The physicians of that day, here in the woods, after having used what little medicines they may have brought with them, were compelled to fall back on the Thompsonian or the Botanical system, as they found it in the Michigan woods. Dr. Beach's office or repository for certain drugs and medicines, was in the forest about him. As he rode his favorite mare, Doll, through the openings, he would alight, hitch her to a tree, and hunt some herb or root, that he would use in "doctoring" his patients. Another time he would send some one out to dig up some root, or to get some herb or weed that he wished to use as a medicine. I have gone out in the woods many a time for him, when he has been called to my father's house, and dug "Culver root, " a weed growing in the openings. The roots of this weed he would order boiled in water till a syrup was made about half as thick a^ molasses. It was the worst medicine I ever tasted; and you had to drink about a pint of it at a dose ere the proper effect was produced. Didn't we dislike to get sick ? The remedy was worse than the disease. Buggies or light wagons were a thing unknown here, hence traveling was either done afoot or on horseback, or with the ox team. The doctor's favorite horse, Doll, carried him through the woods to see his patients. She was a spirited animal, well muscled and a fine mover.

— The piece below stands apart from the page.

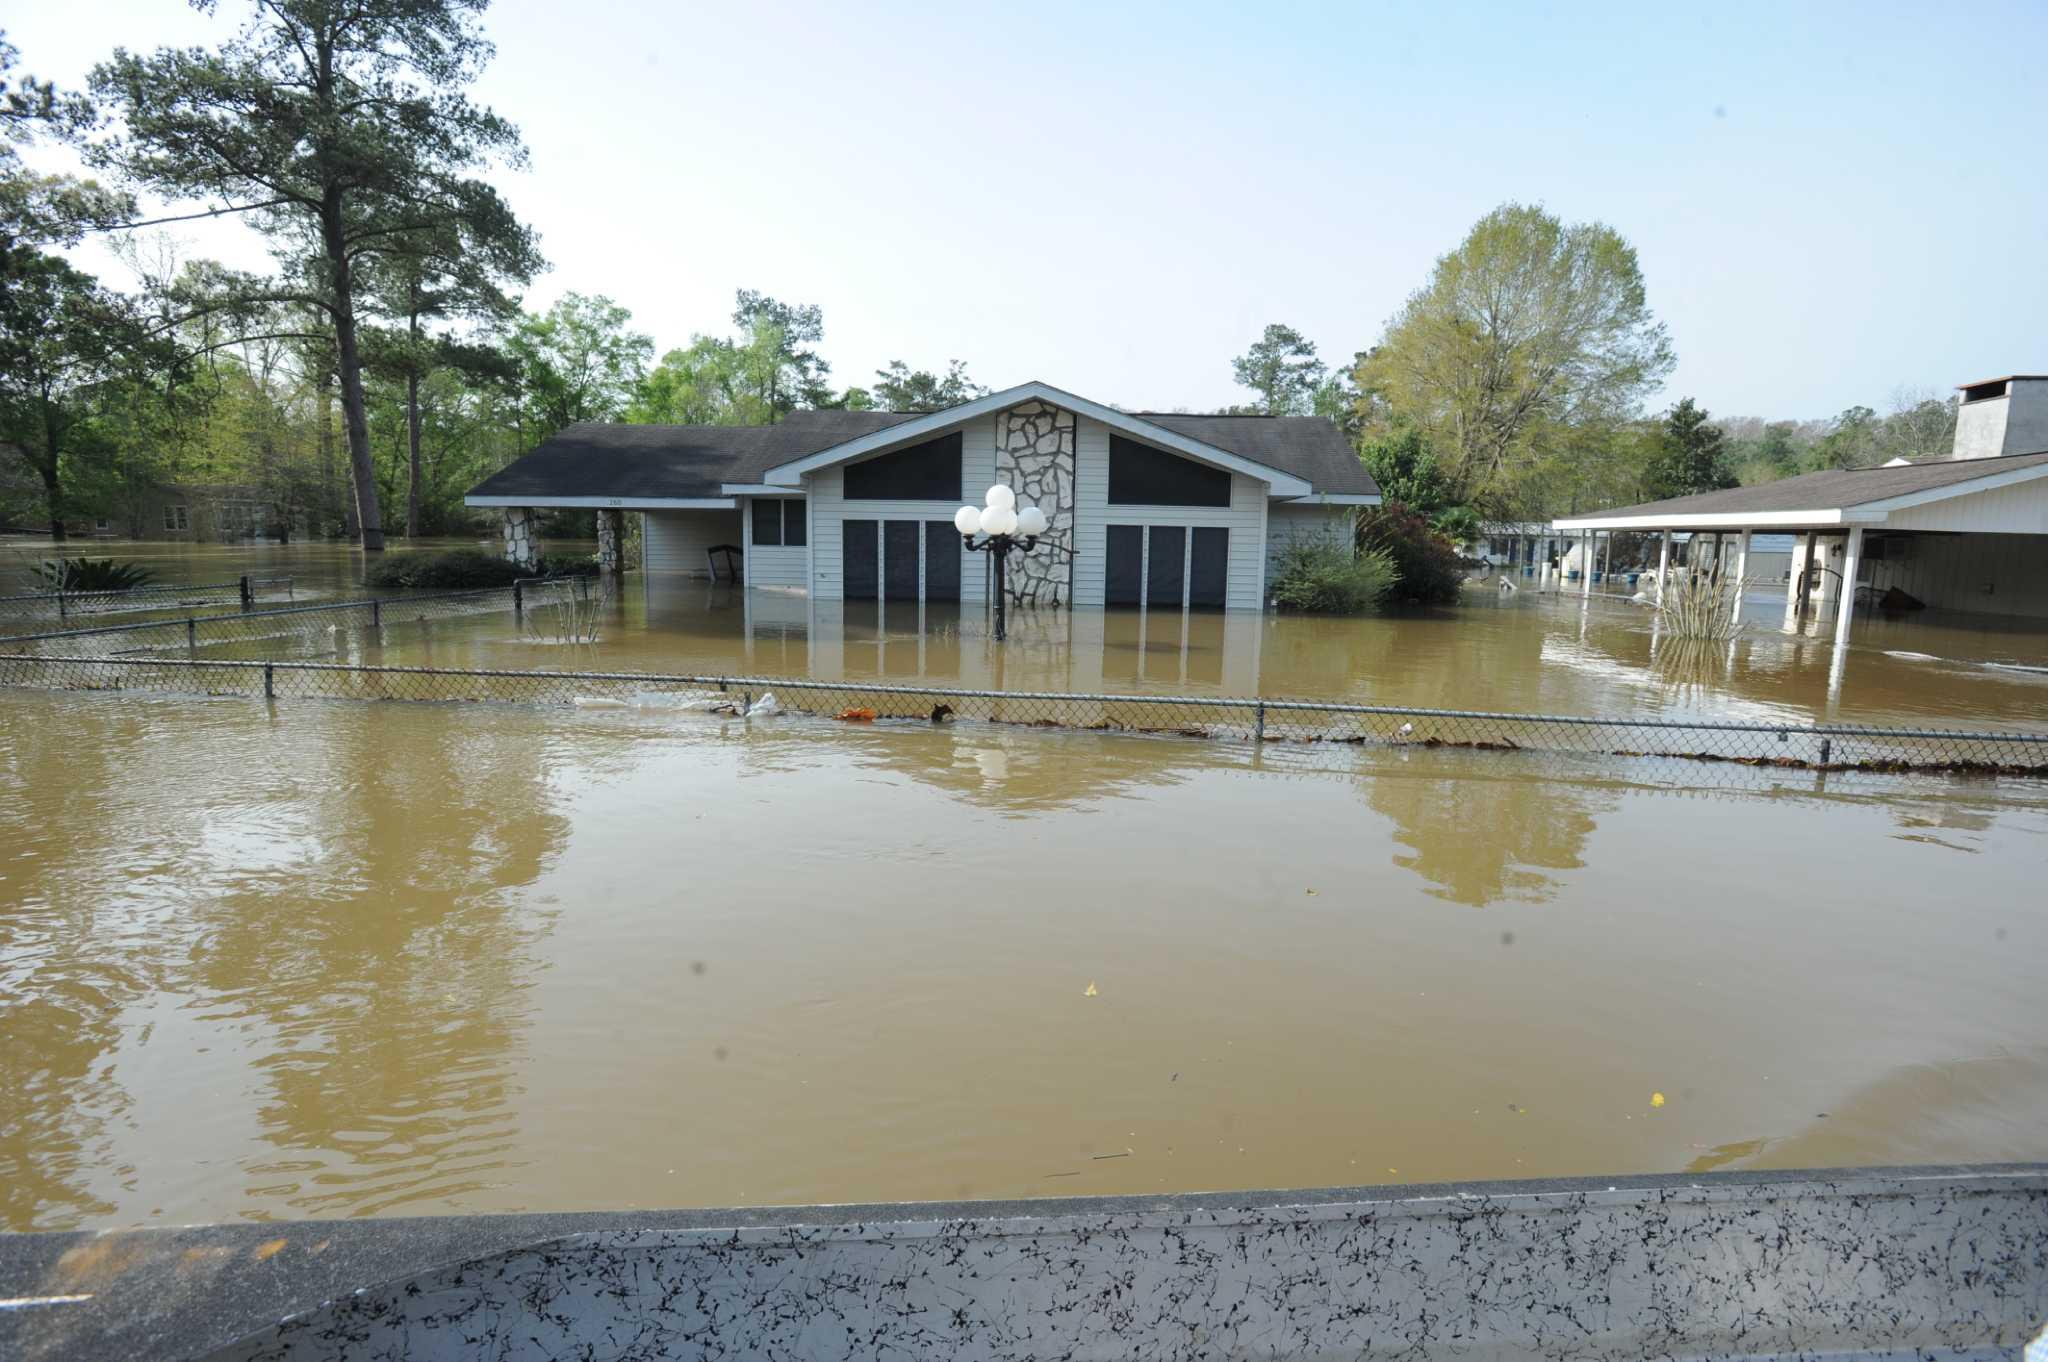 deweyville still mending from 2016 flood

He had brought her from New York. She, he said, in winter, when harnessed to a cutter, would grasp the bit in her mouth, and, scudding away over the fine snow track, had drawn him hundreds of miles by the lines, without straightening a tug. Before he died he gave Doll to Addison Cowles, who was to keep her and give one-half of the colts to his family. The colts were also highly valued. I think his son Darwin has some of this stock yet.